I run peridocally (from cron) on all of my machines

30 * * * * root /sbin/hwclock --systohc

All of those machines in question take their time via NTP
from the same local server, and that server gets its time
from a ntp pool.

Now I had to reboot a couple of them two days ago and to my surprise
all had problems with the time upon booting.

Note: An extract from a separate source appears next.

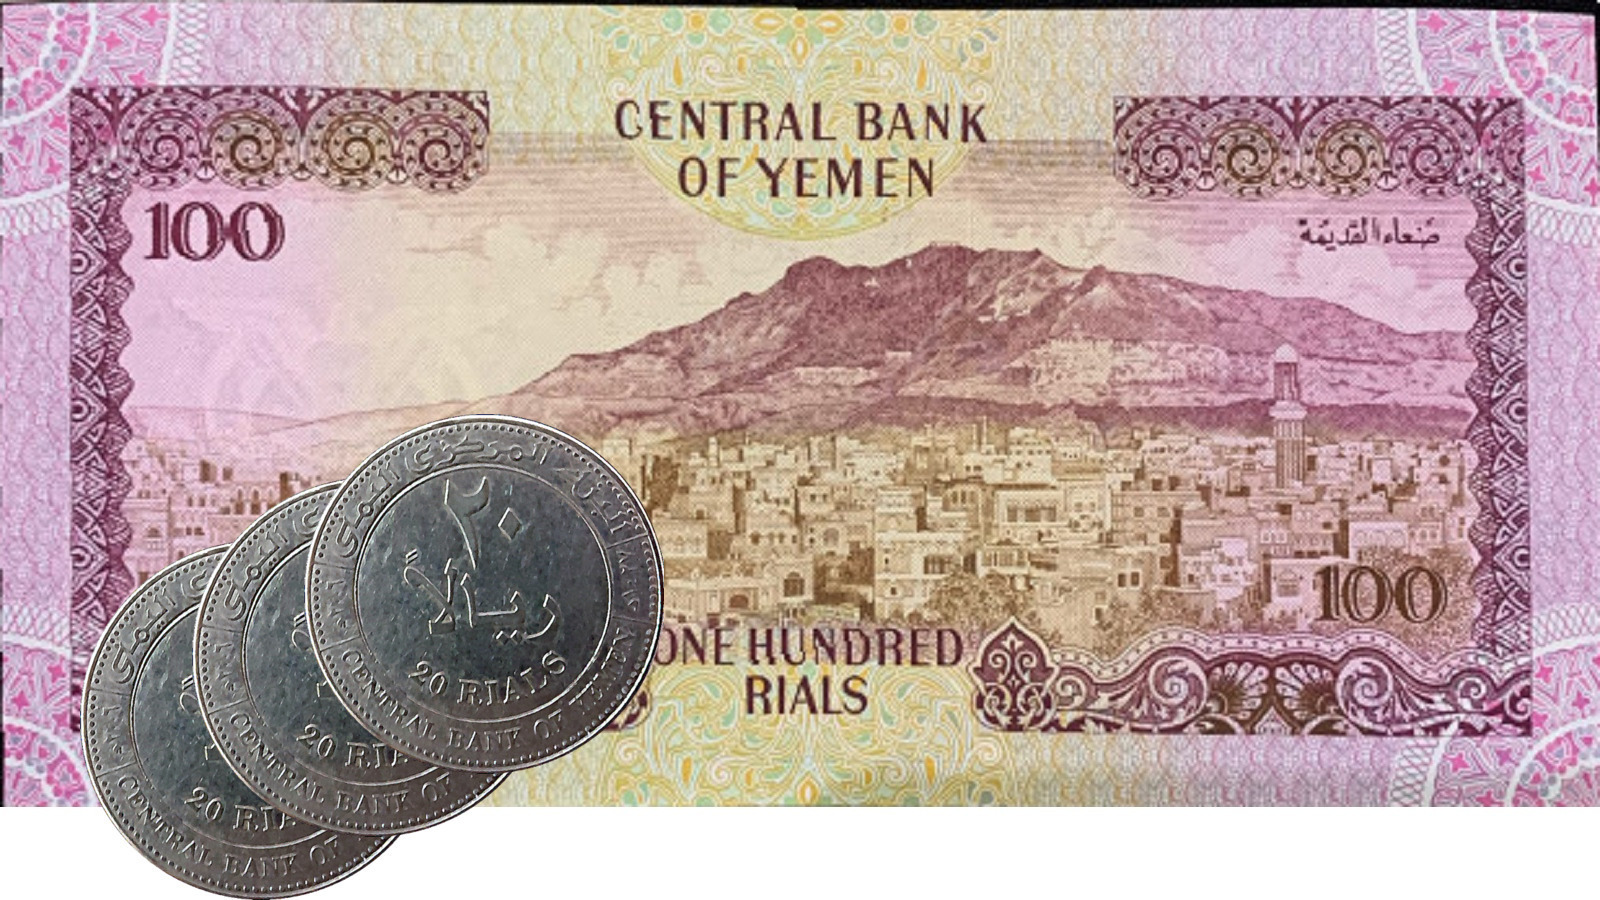 آخر تحديث لأسعار صرف العملات في صنعاء وعدن اليوم.. استقرار عند هذا السعر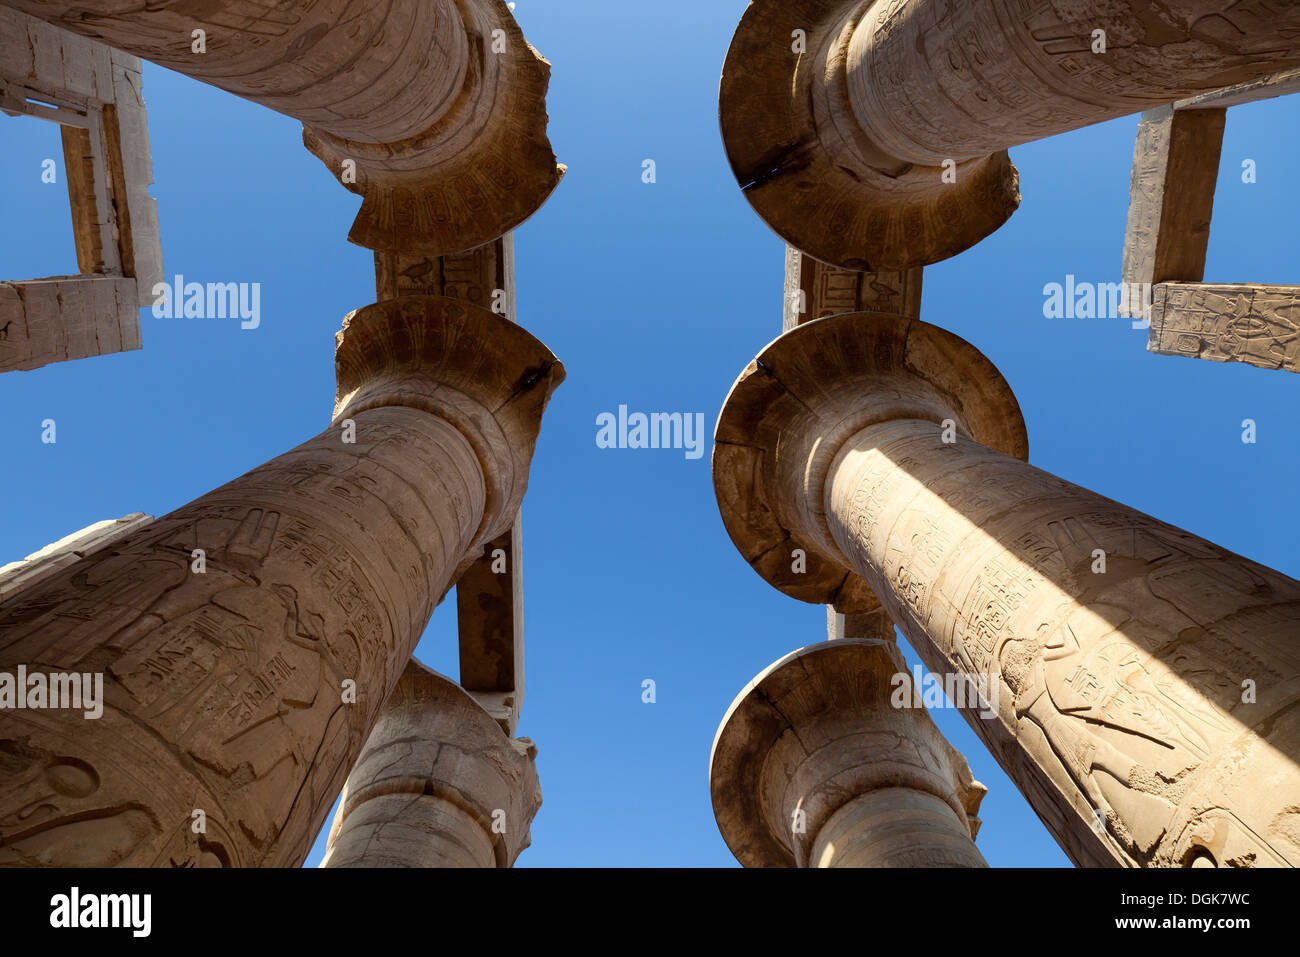 Looking upwards at the pillars at Karnak. Stock Photo

Here are the important files:

[root at XXXXXX ~] #>l /etc/adjtime
0.001687 1289518202 0.000000
1289518202
LOCAL

[root at XXXXXXX ~] #>l /etc/sysconfig/clock
ZONE="Australia/Melbourne"
UTCúlse
ARCúlse

So from my understanding the hwclock should contain the local time.

[root at XXXXXX ~] #>date
Fri Nov 12 11:26:23 EST 2010
[root at XXXXXX ~] #>hwclock
Fri 12 Nov 2010 11:26:42 EST -0.167976 seconds
[root at XXXXXX ~] #>

However on boot I get the following:

Nov 10 19:08:37 XXXXXX syslogd 1.4.1: restart.
Nov 10 19:08:37 XXXXXX kernel: klogd 1.4.1, log source = /proc/kmsg started.
Nov 10 19:08:37 XXXXXX kernel: Linux version 2.6.18-164.11.1.el5 (mockbuild at builder10.centos.org) (gcc version 4.1.2 20080704 (Red Hat 4.
1.2-46)) #1 SMP Wed Jan 20 07:32:21 EST 2010
Nov 10 19:08:37 XXXXXX kernel: Command line: ro root=/dev/sda2 vgay1
Nov 10 19:08:37 XXXXXX kernel: BIOS-provided physical RAM map:
...
...
Nov 10 19:08:51 XXXXXX kernel: IPv6 over IPv4 tunneling driver
Nov 10 08:08:52 XXXXXX ntpdate[2464]: step time server 192.168.1.1 offset -39599.950905 sec
Nov 10 08:08:52 XXXXXX xinetd[2447]: xinetd Version 2.3.14 started with libwrap loadavg labeled-networking options compiled in.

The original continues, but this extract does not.